We bought a 30lb Jackfruit or Nangka from a local Asian grocer knowing it would be an adventure.  After researching the best plan of attack, I wrapped the knife handles and oiled my hands and the knife blades to keep latex from sticking.

 

Here it is halved. There was very little latex.  I’m not sure why . . .  maybe because of age, temperature, degree of ripeness . ..  I don’t know.

After cutting it into long quarters and cutting out the core, I turned it partially inside out to separate the pods and make them easier to extract.

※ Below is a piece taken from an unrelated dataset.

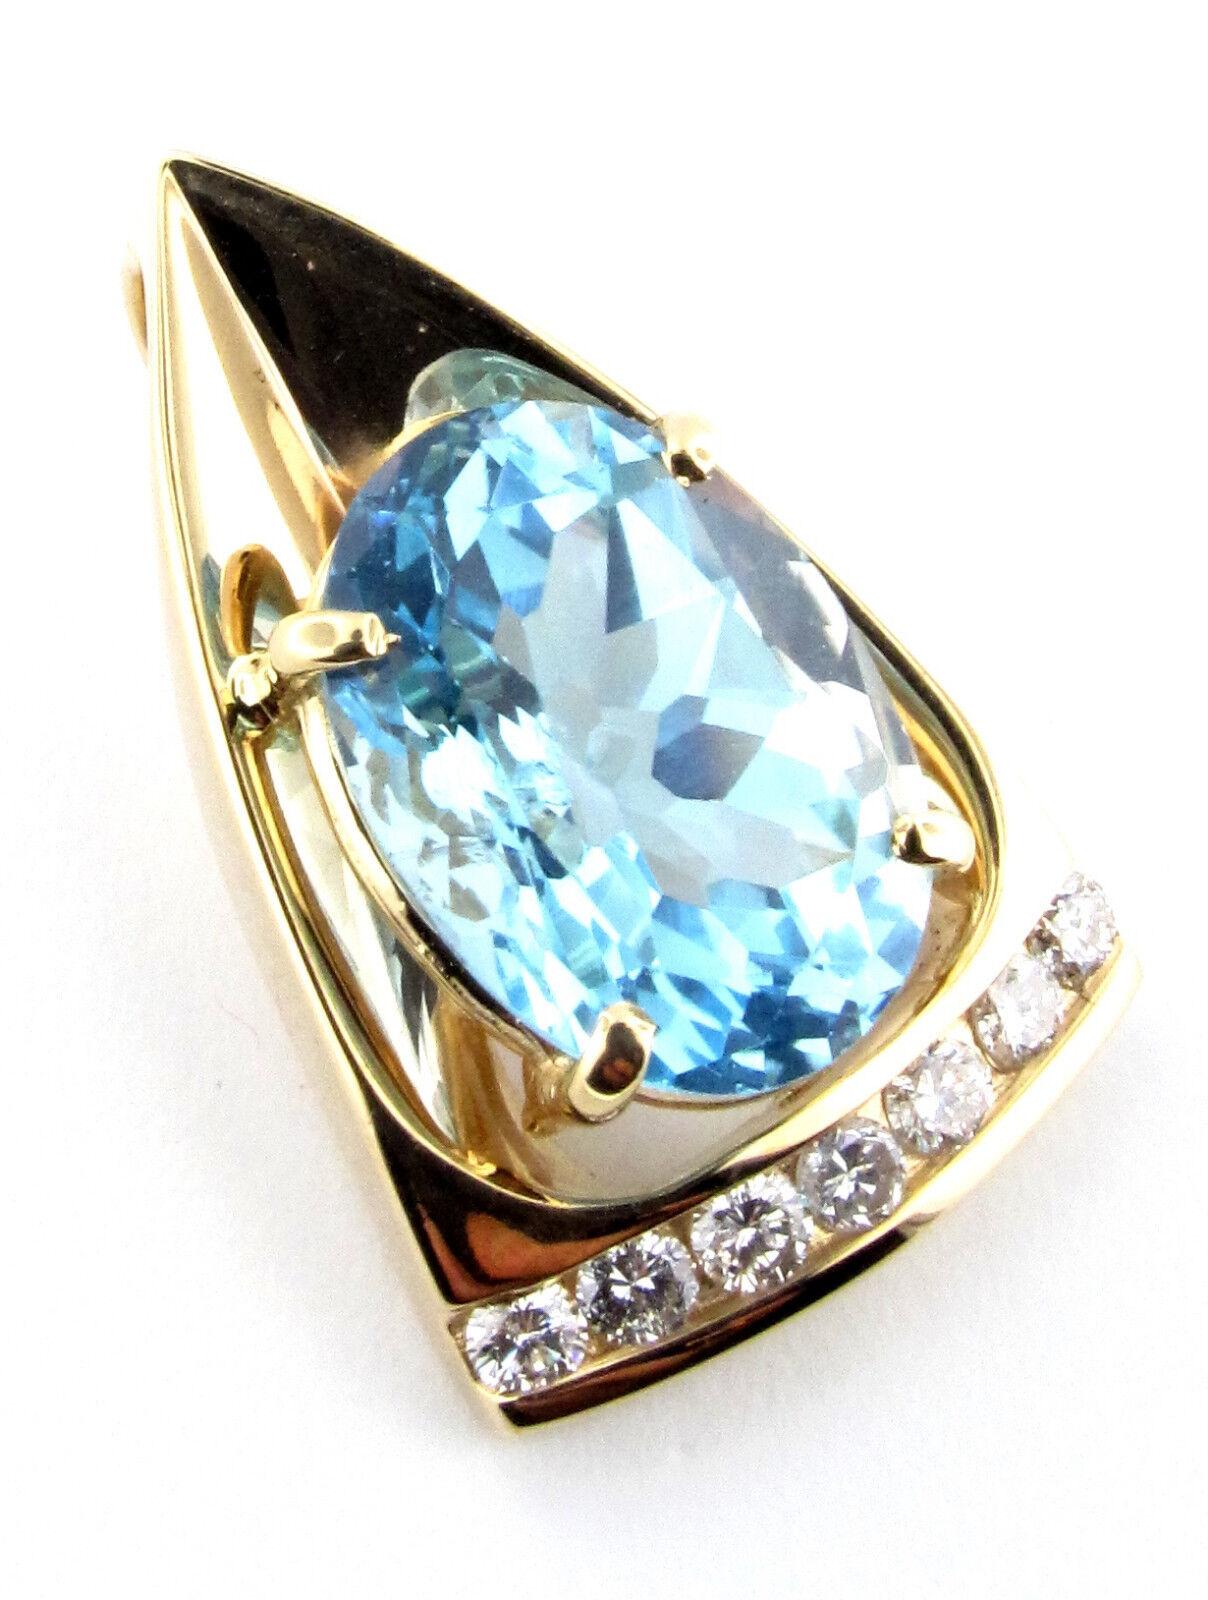 8.12 CTW LIGHT blueE OVAL TOPAZ & DIAMOND PENDANT 14 KT YELLOW gold 1  TALL  3100

Here are about half the pods and a third of the seeds from our Nangka. Ensie gave the flavor an “A”, high marks from a Malaysia-born fruit lover, but the texture did indicate the fruit was a bit under-ripe. I tried several recipes for cooking the seeds, the size of a fava bean but twice as thick. The best one was the most labor intensive: Boil for 10 minutes. Peel the thick outer translucent skin. Slice in half. Brown in a 50:50 mix of butter and a fragrant coconut oil. Season. I used garlic, black pepper and a good curry powder blend. The result is like a slightly nutty firm yet cooked potato. Another recipe called for roasting them in the oven before peeling off the skin. My attempt resulted in 5 or 6 exploding before I called that off.